So many people feel the key to health is the opposite–80% exercise + 20 % nutrition and stress management. I used to be one of them.
Around 1995, I was twenty-eight years old and somewhat overweight. I began an excruciating exercise program of power walking/ jogging 35-40 miles per week, in addition to biking 20 miles weekly. Did I lose the weight? Sure. Think of the calories I was burning! I thought I was eating healthier too, but learned later that what I thought was healthy, really wasn’t.
I was even featured in Shape Magazine’s “Success Stories” in July 1998.Yep, that’s me on right.
A few years later, I started gaining a little bit of weight back, even though I was wearing myself out with exercise. I came across an article that said as we age, our metabolism slows down due to natural muscle mass decreases, so we need to increase our calorie burning exercise. If we don’t, we gain 10 lbs every few years, even though we are still exercising. I remember thinking, “WHAT?!” I was exercising myself to death to keep the weight off, and now I’m going to need to continually increase the intensity and distance, just to keep from gaining?
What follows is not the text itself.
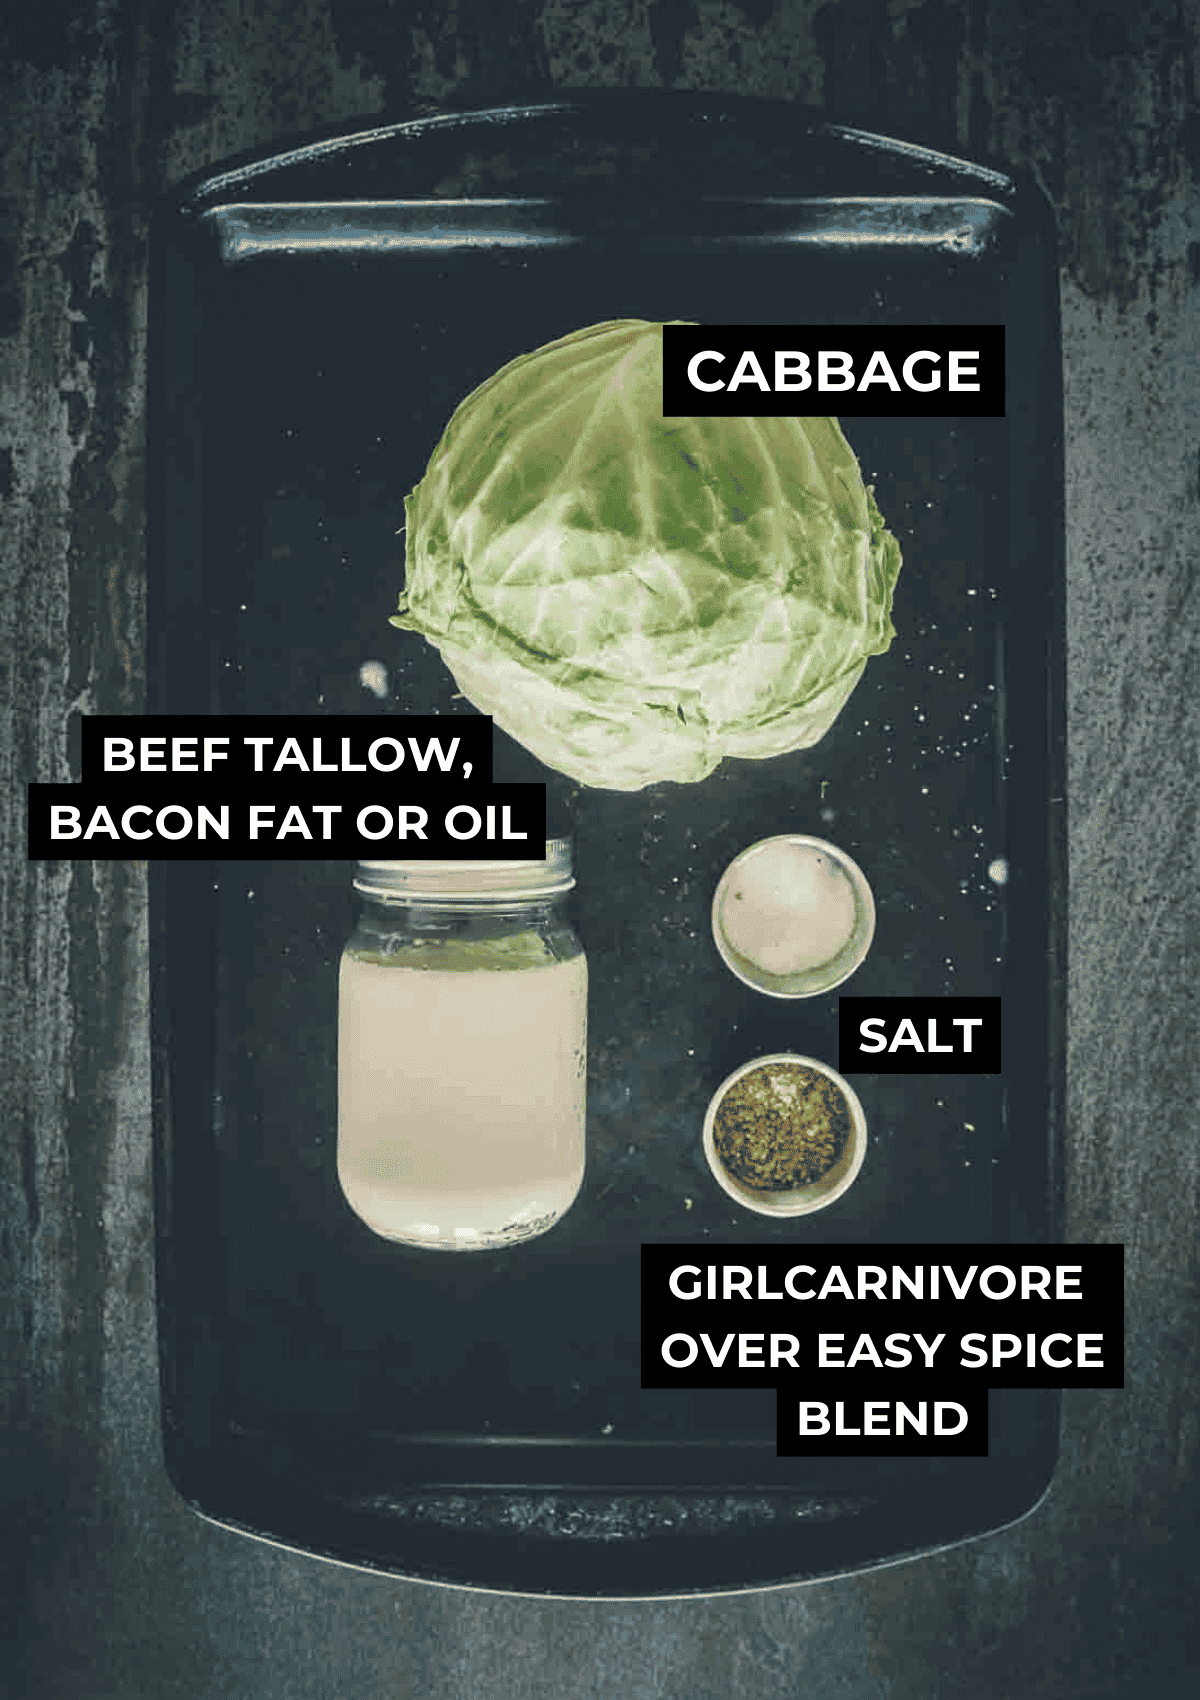 Ingredients for smoked cabbage.

That discouragement was the beginning of the end of my exercise-warrior days.
My Weight Increased and My Health Declined
I gradually began to put the weight back on and gained many more pounds in addition. Over the years, my health began to decline–high cholesterol, high blood pressure, swollen and painful joints, and hormonal issues. I was only in my forties, and my lack of health had become a source of great stress. I couldn’t imagine what I would be like in my 60’s. My joints already hurt so much! Read my story HERE.
Then in February 2013, everything changed for me. After a year of my daughter asking me to watch a documentary called, Forks Over Knives, I finally did. That changed everything!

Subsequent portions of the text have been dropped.